=== COLLECTED DATA ===

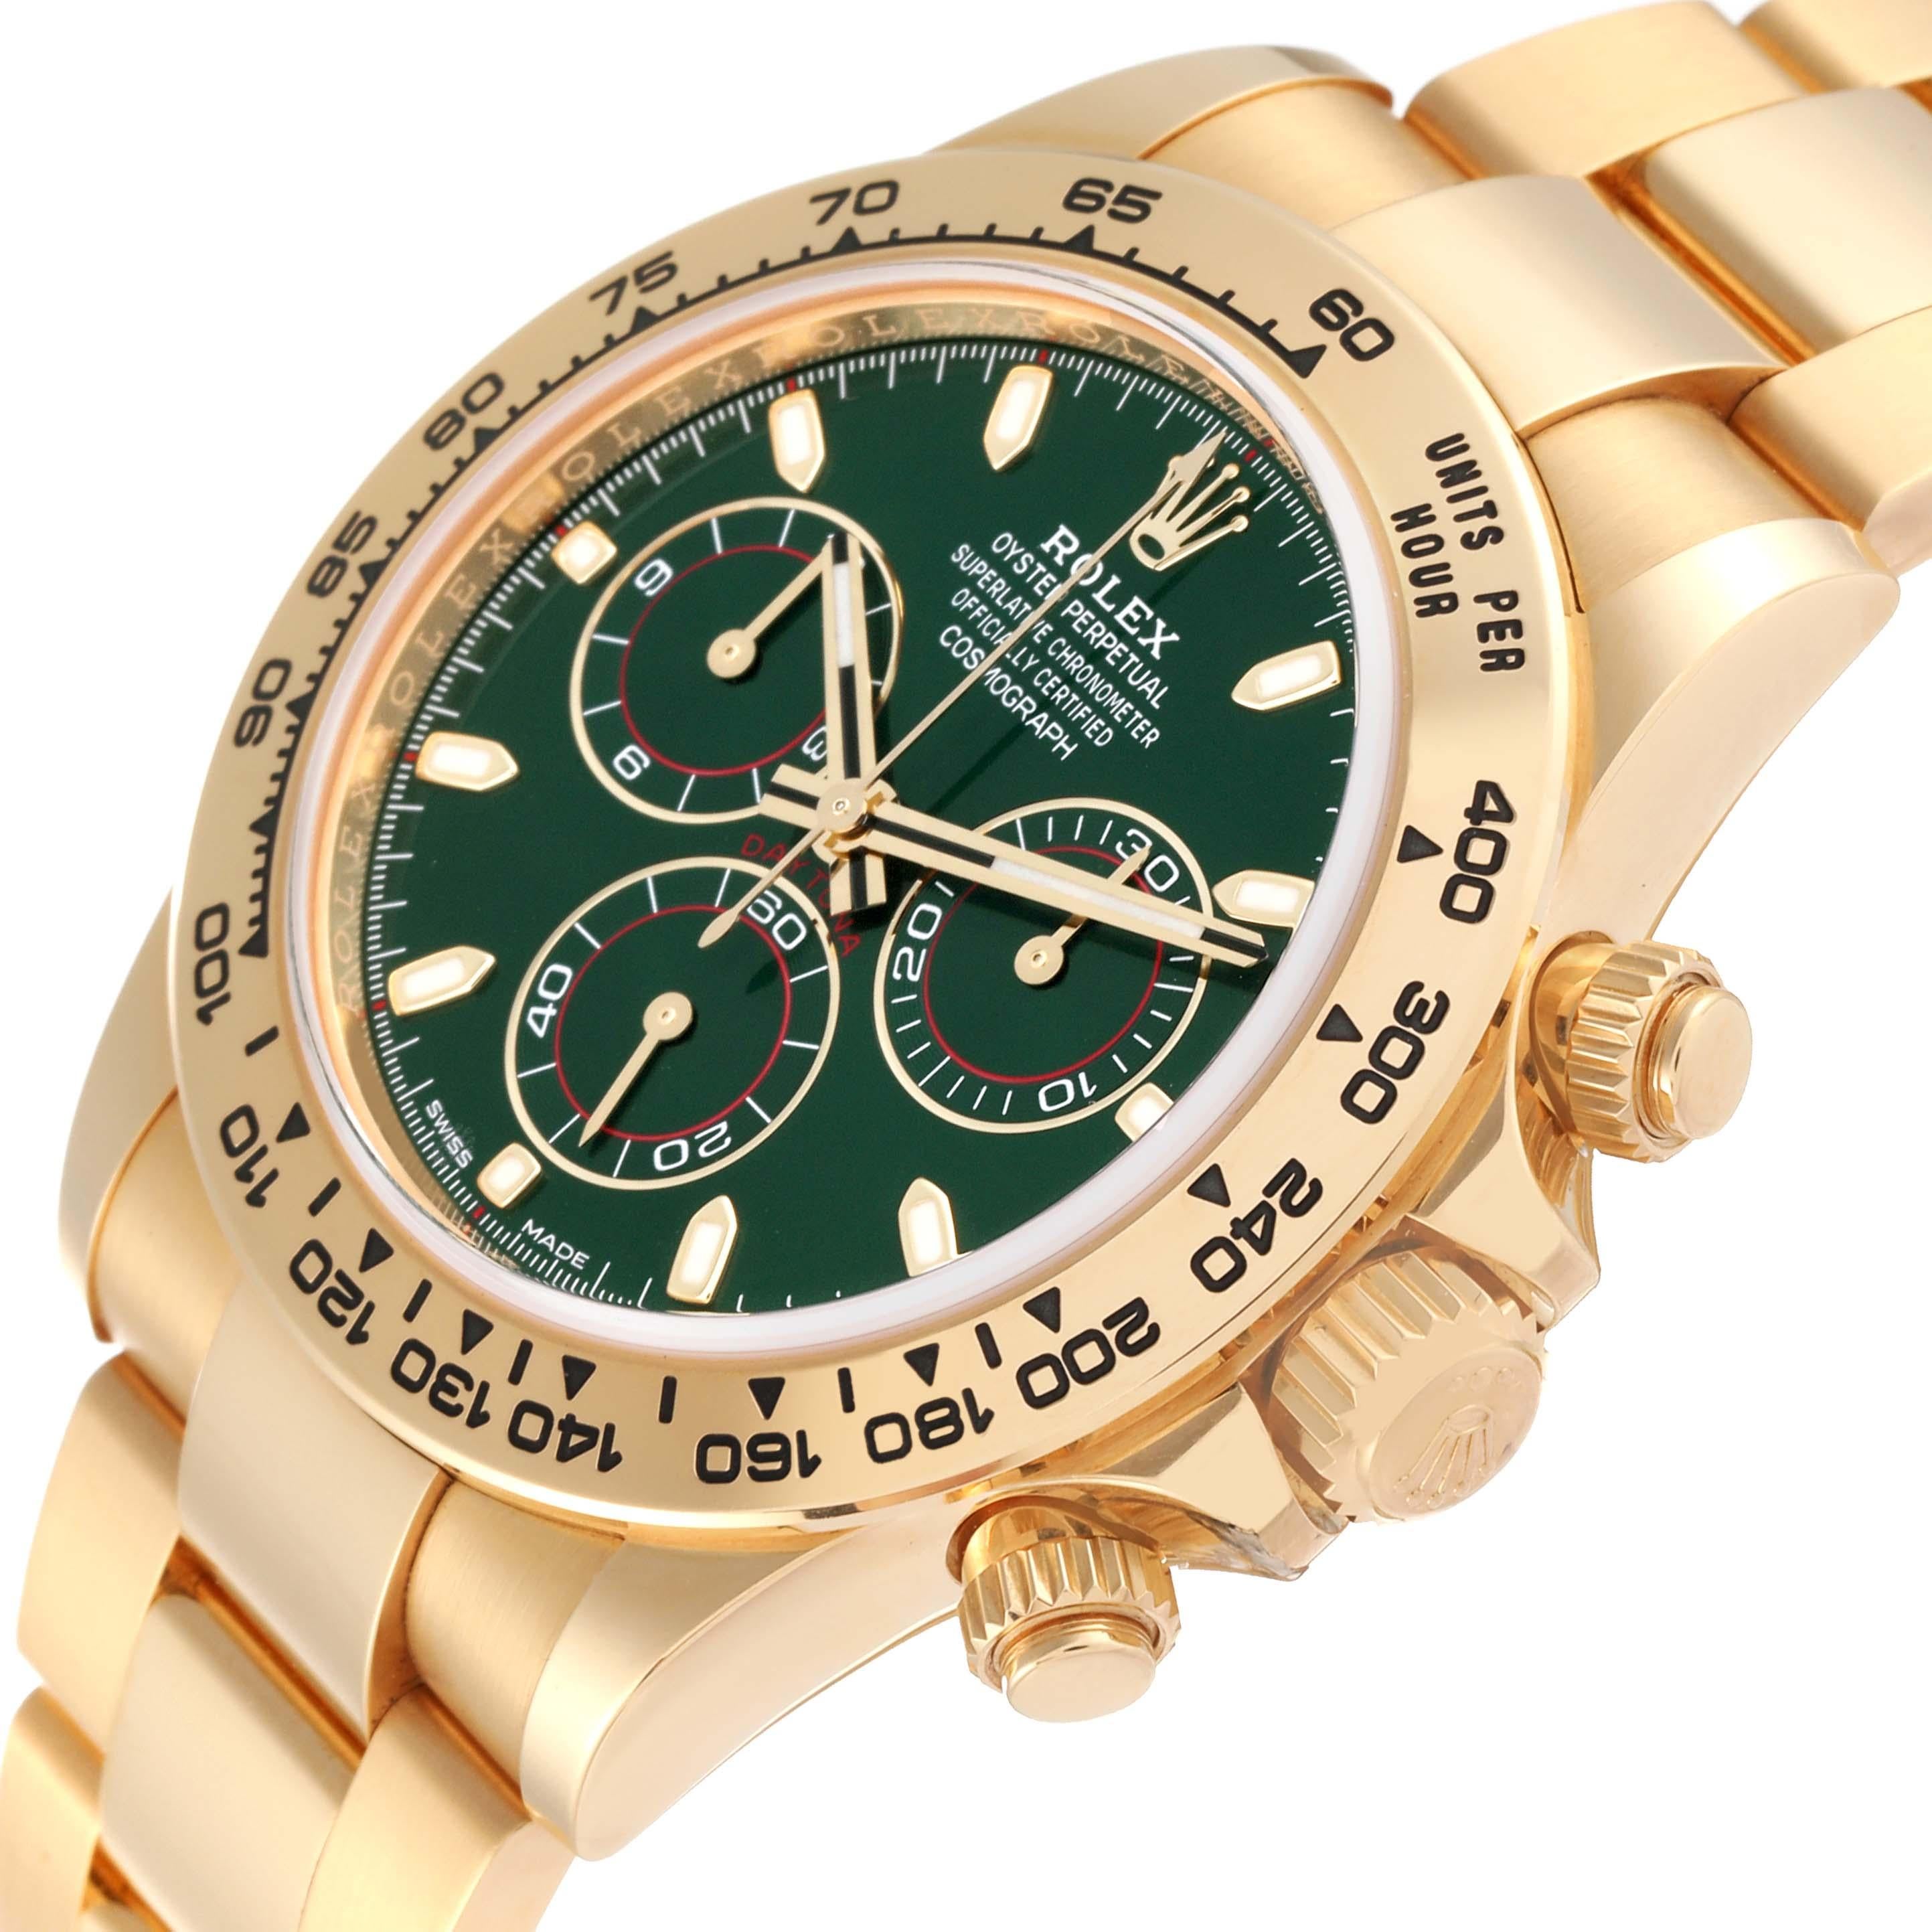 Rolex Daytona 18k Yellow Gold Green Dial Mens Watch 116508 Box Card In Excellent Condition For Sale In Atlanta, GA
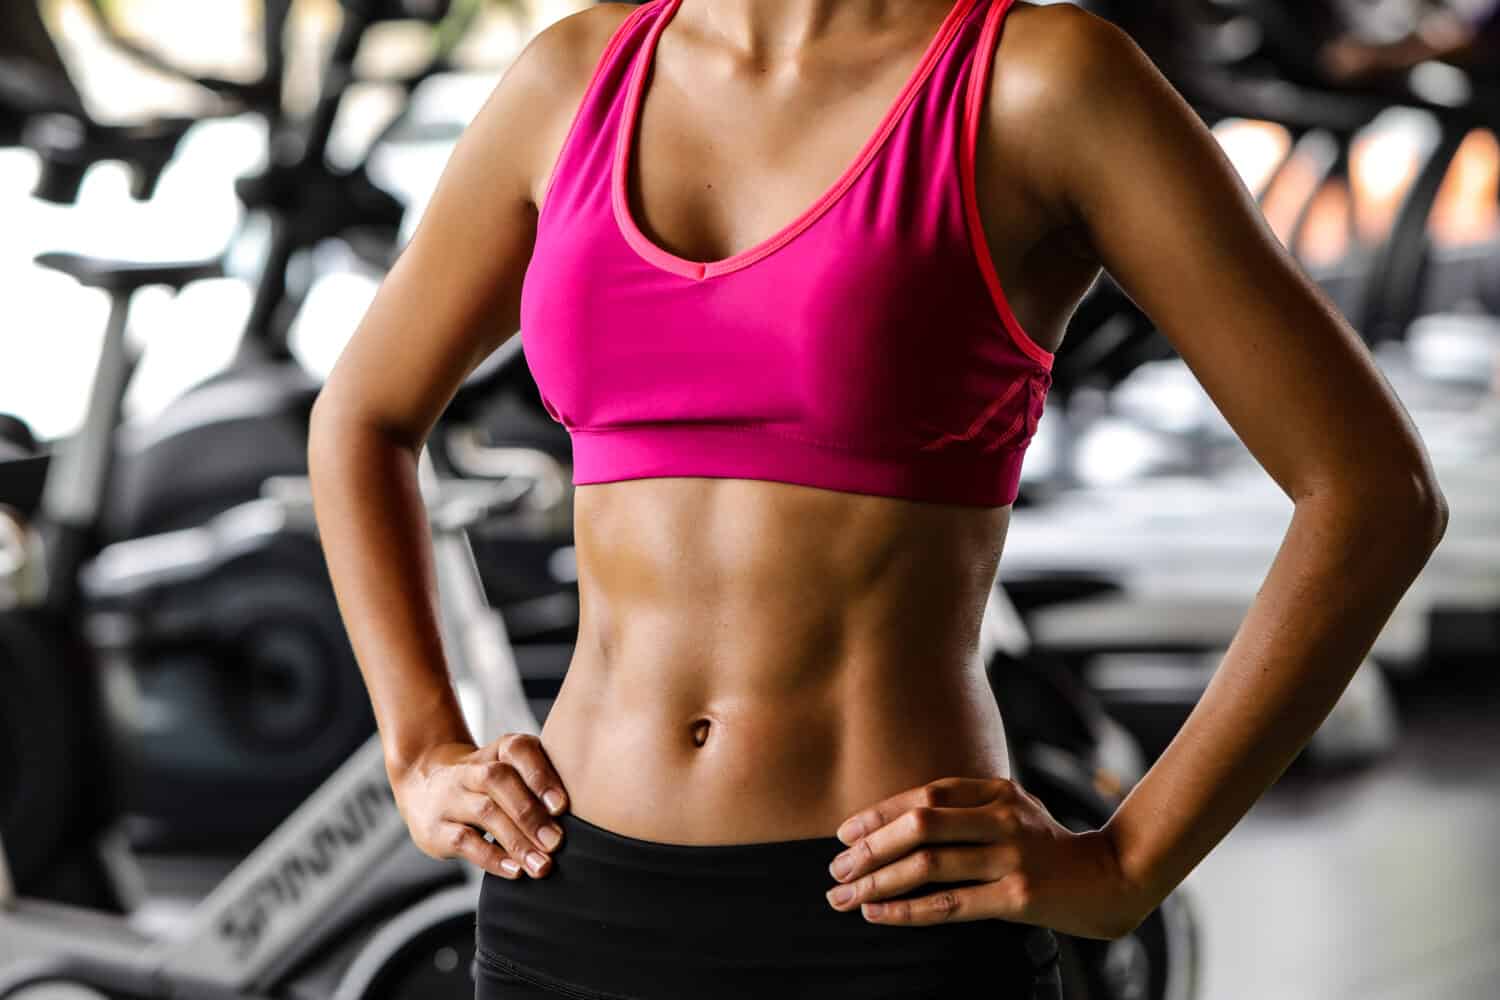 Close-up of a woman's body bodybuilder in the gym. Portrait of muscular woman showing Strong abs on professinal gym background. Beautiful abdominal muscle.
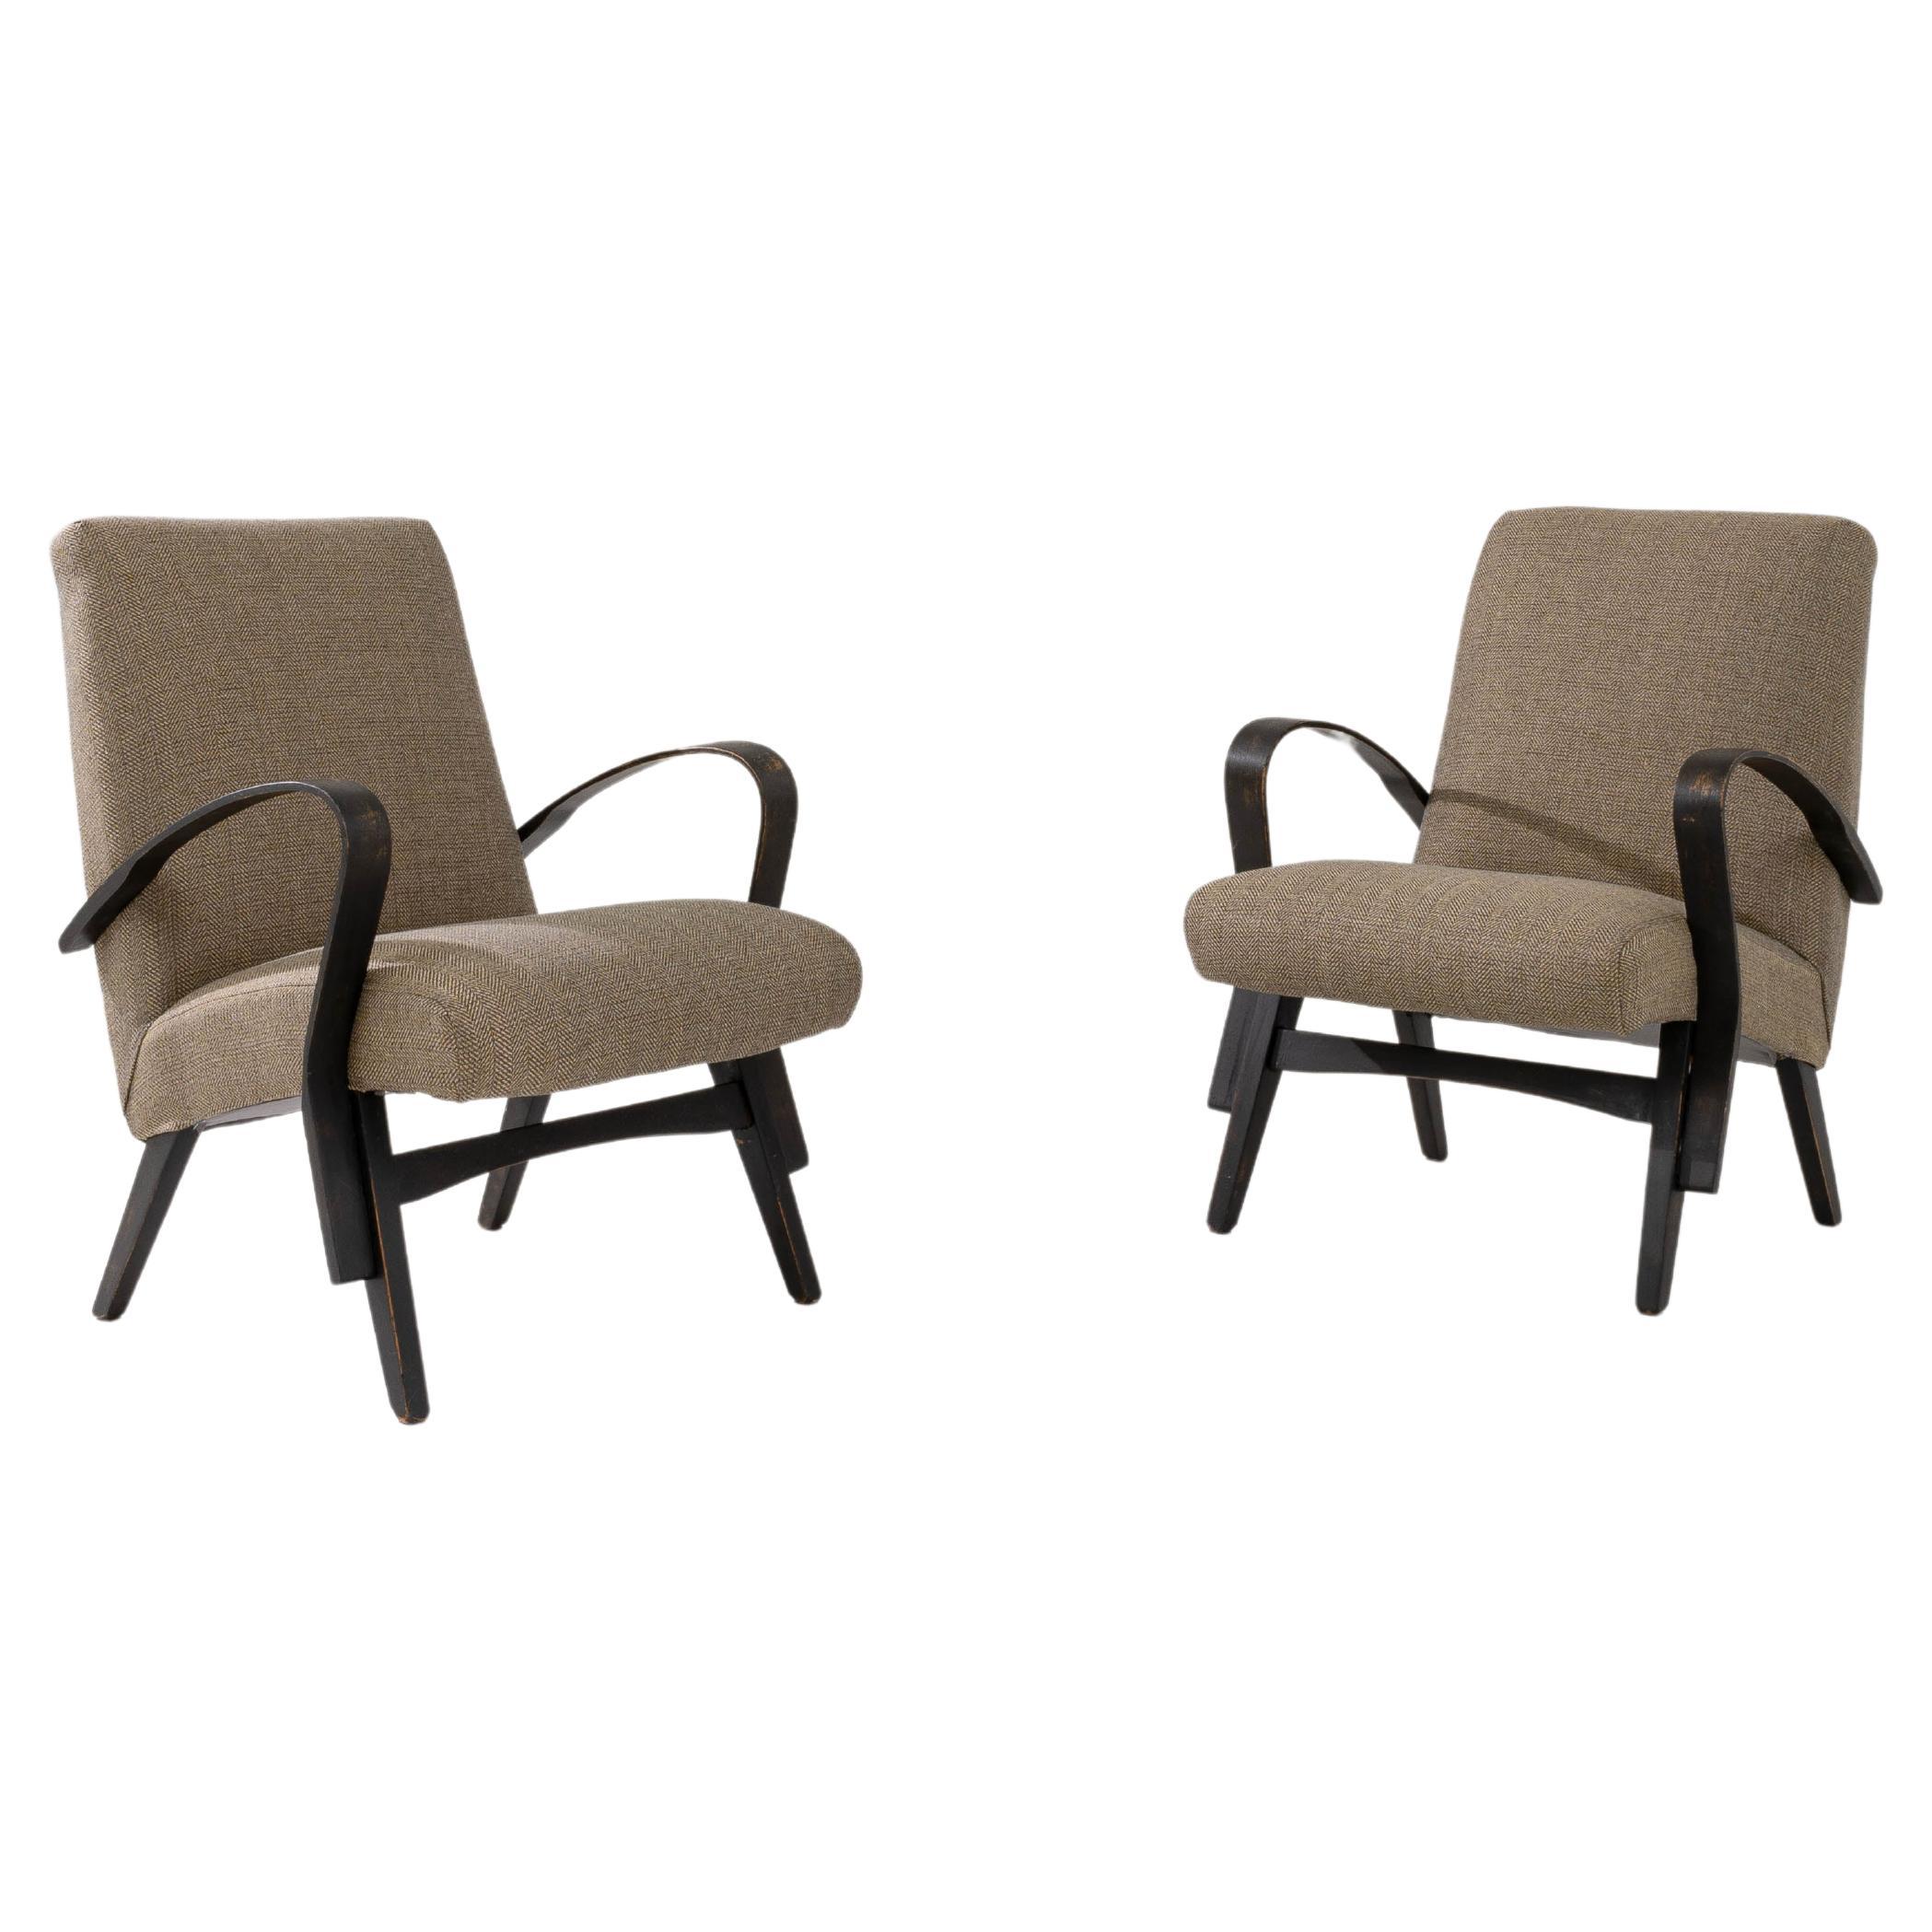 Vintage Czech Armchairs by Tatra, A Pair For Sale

===

- [ACTION ITEM] Retype the whole listing. Keep every word exact but include no pictures.

- [ANSWER SECTION]
 Rolex Daytona 18k Yellow Gold Green Dial Mens Watch 116508 Box Card In Excellent Condition For Sale In Atlanta, GA
 Close-up of a woman's body bodybuilder in the gym. Portrait of muscular woman showing Strong abs on professinal gym background. Beautiful abdominal muscle.
 Vintage Czech Armchairs by Tatra, A Pair For Sale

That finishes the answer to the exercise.